South African Orthopaedic Association Congress, Cape Town – Data presented this week from a recently completed clinical trial with the REPAIR™ Bone Putty show the blood plasma-based Putty reduced infections, sped bone healing, and promoted more rapid wound closure of open tibia fractures. Dr. David North, an orthopaedic surgeon associated with the University of Cape Town, presented the findings.
The REPAIR Putty incorporates a novel material made from blood plasma containing a concentration of natural healing factors that bathe the injured tissue as the material degrades. This first study was designed to assess the safety and performance of the Putty in augmenting the healing of fractures.
“We were very pleased and a bit surprised by the results”, said Dr. Brian Bernstein, Principal Investigator for the study, Director of the Orthopaedic Trauma Group in Cape Town and Chairman of the South African Orthopaedic Trauma Society. “We are always concerned about infections with open bone fractures, and the idea of using a concentration of natural growth factors to augment healing and reduce infections is especially attractive, particularly if such a product can be offered at a reasonable cost.”
Open fractures are problematic to treat as infections, delayed bone healing, and wound closure/sepsis are significant challenges. In this 30 patient trial, 70% of the patients enrolled had more severe type IIIA & IIIB injuries involving comminuted bone, high levels of contamination and severe soft tissue injuries. Additionally, 67% were smokers, a factor known to retard healing, and 70% received external fixation that uses pins to penetrate the skin and stabilize the fracture, with an associated high rate of pin-tract infections.
Patients agreeing to participate in the study were randomly placed into either a control or treatment group. The REPAIR Putty was placed into the fracture site during fracture reduction of the treatment patients, and both groups were followed for one year. No adverse events associated with the use of the Putty were observed for the 20 treatment patients. A statistically significant acceleration of bone healing occurred at 180 days with more rapid wound closure at 30 days approaching significance for the treatment patients compared to the controls.
While the Company anticipated that the Putty would accelerate bone healing and wound closure, a big surprise was the reduction in infections. Eighty percent of control patients experienced at least 1 infection during the study compared to only 22% of the Putty treated injuries, a statistically significant difference.
“We are very excited about the outcomes of this first clinical trial” said Alan West, Carmell’s CEO. “We had hoped to see accelerated bone healing with faster wound closure, but perhaps the most important outcome of the study was the infection reduction observed. The REPAIR Bone Putty safely and naturally reduced infections and accelerated both bone healing and wound closure. No competitive product can accomplish all three endpoints.”
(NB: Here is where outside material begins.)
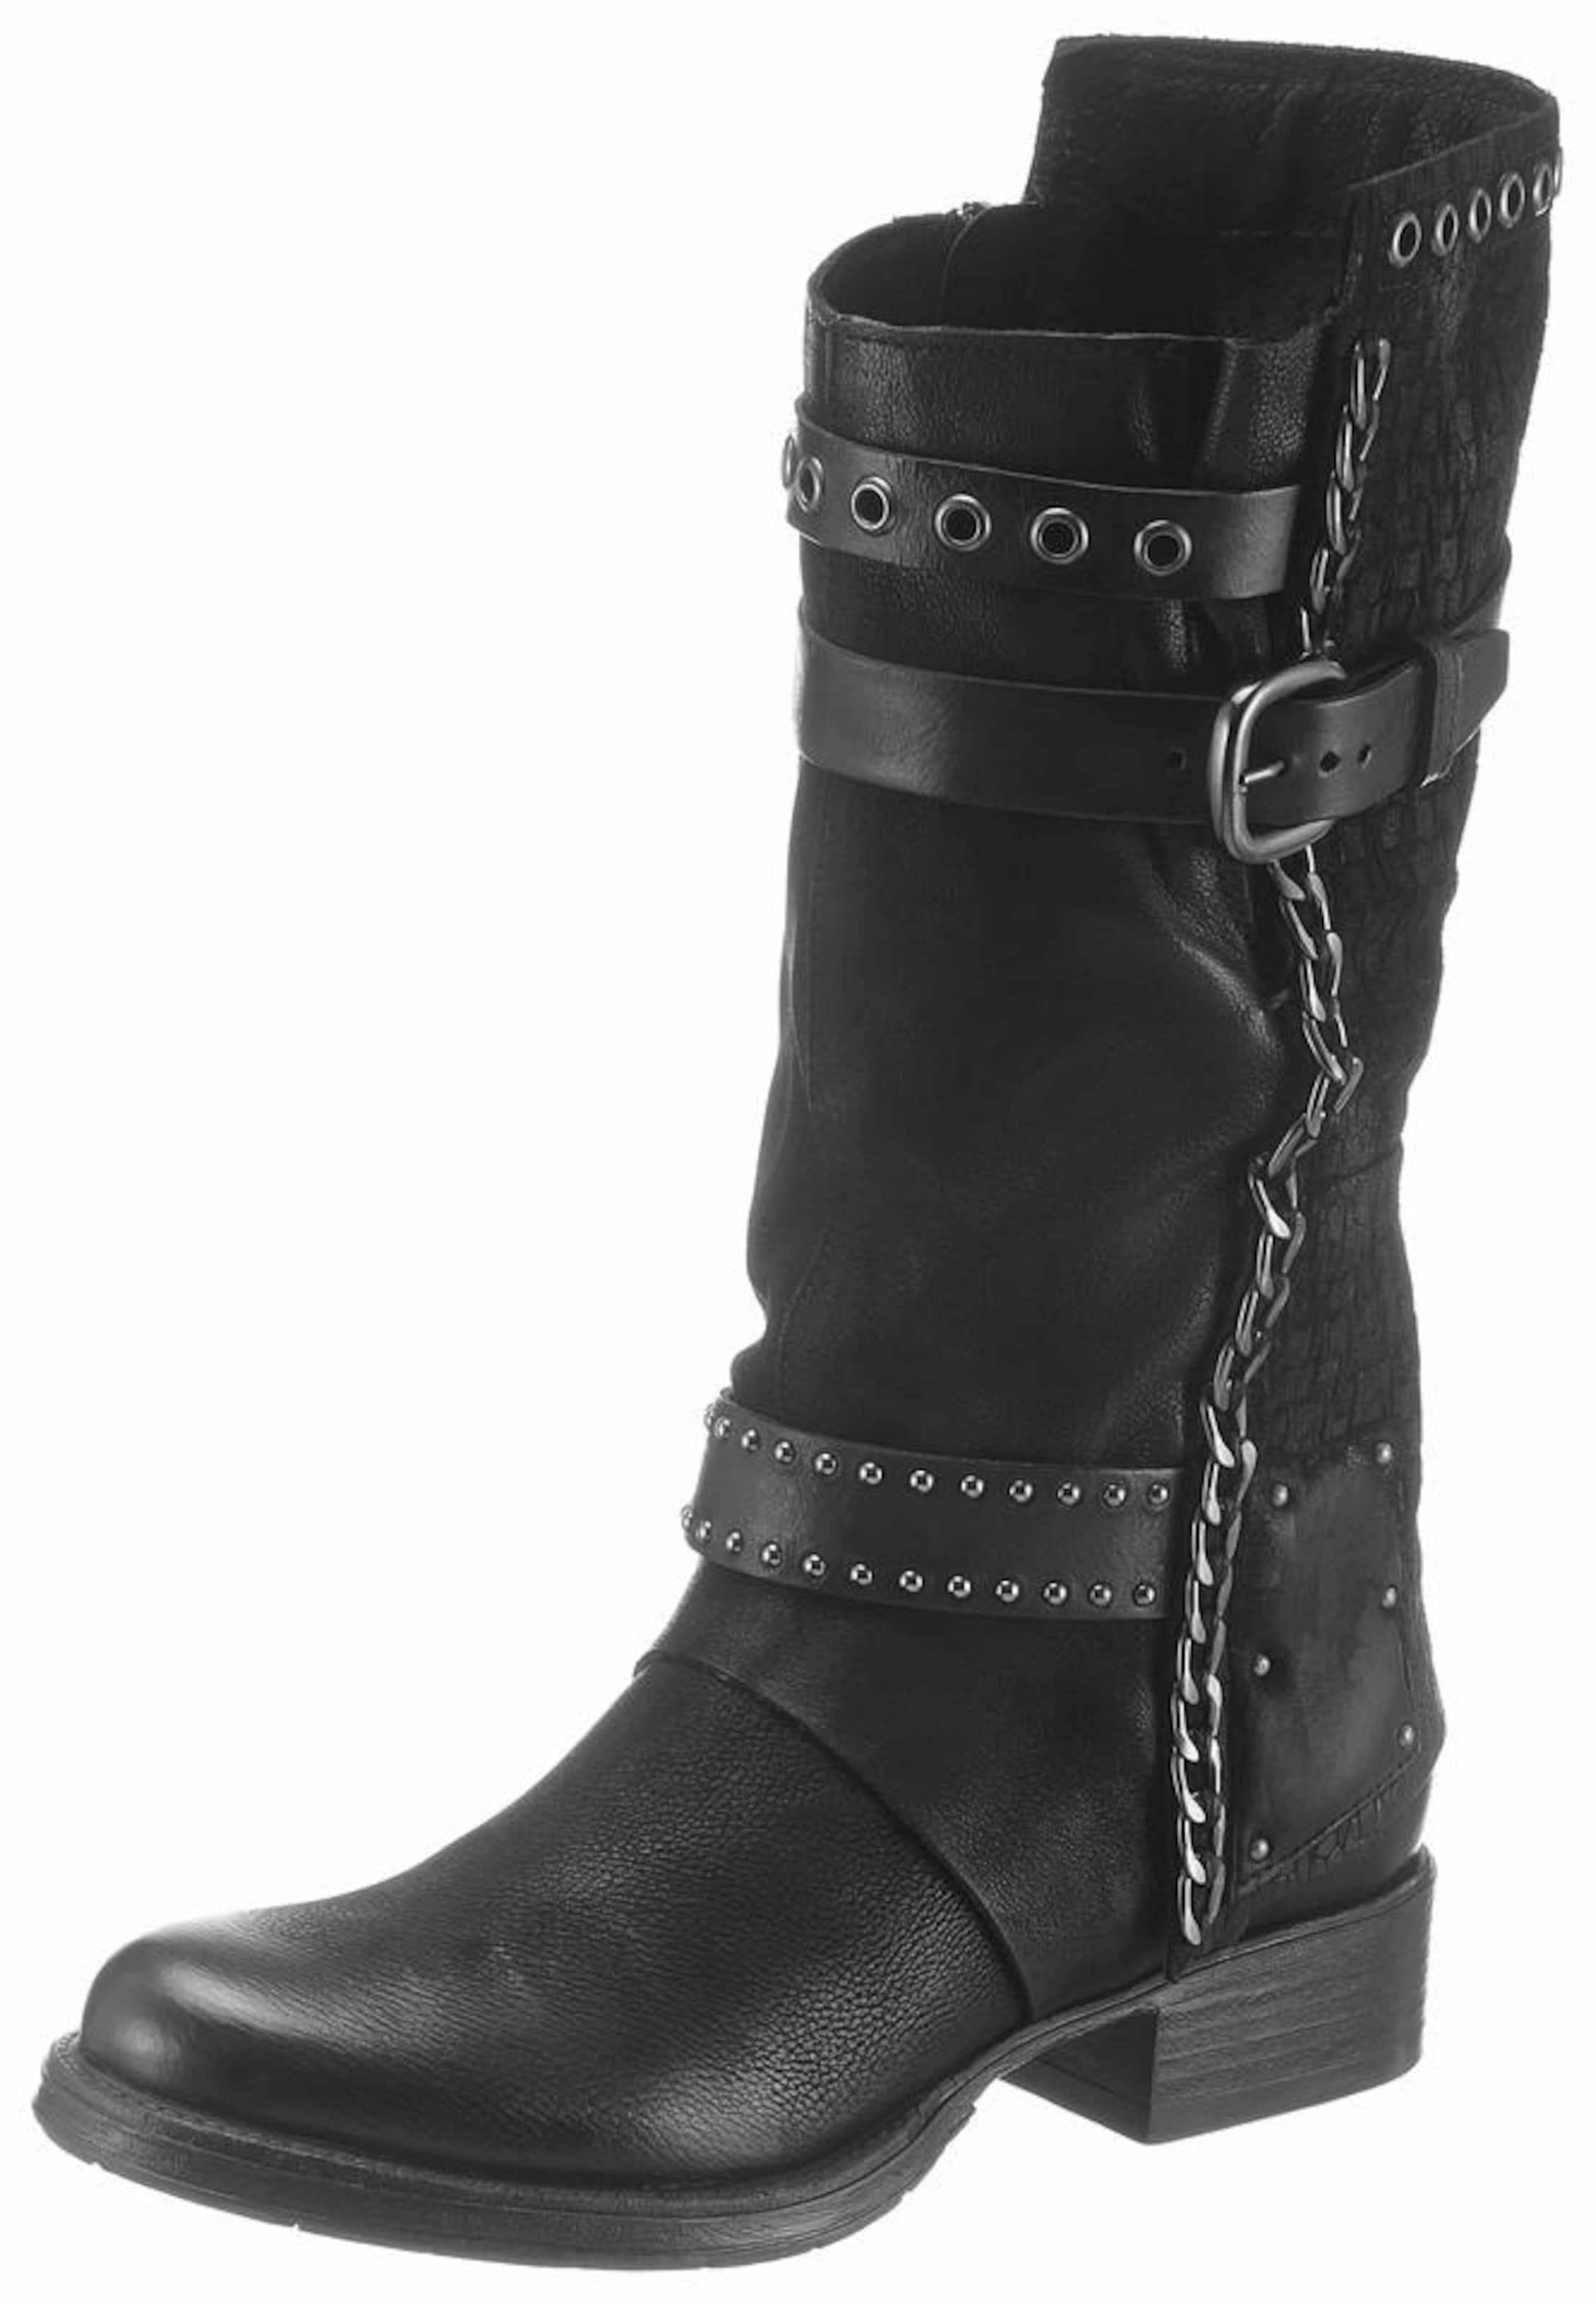 ARIZONA Stiefel Verschleißfeste billige Schuhe Hohe Qualität

With the most severe type III injuries, the infection reduction was even more significantly reduced with 100% of controls vs. 25% of treatment patients experiencing at least 1 infection. The relatively high rates of infection for the controls (80% &100%) were due to the use of external fixation. When pin related infections were removed from the data, the control group had a 43% infection rate for the more severe injuries, which compares well with the reported literature; by contrast, the Putty group in this subset had only a 17% infection rate.
The Company believes that the infection reduction is largely due to the blood plasma component of the Putty not only eluting natural regenerative factors but also recruiting the body’s immune system to the area of the injury over several weeks as it degrades, thereby leveraging the body’s own ability to fight off infections. This result is most significant for trauma patients - high doses of antibiotics are typically given prophylactically to prevent infection, but the rise of antibiotic-resistant bacteria is raising new concerns about antibiotic overuse. The REPAIR Bone Putty may become a game changer in the way these fractures are treated.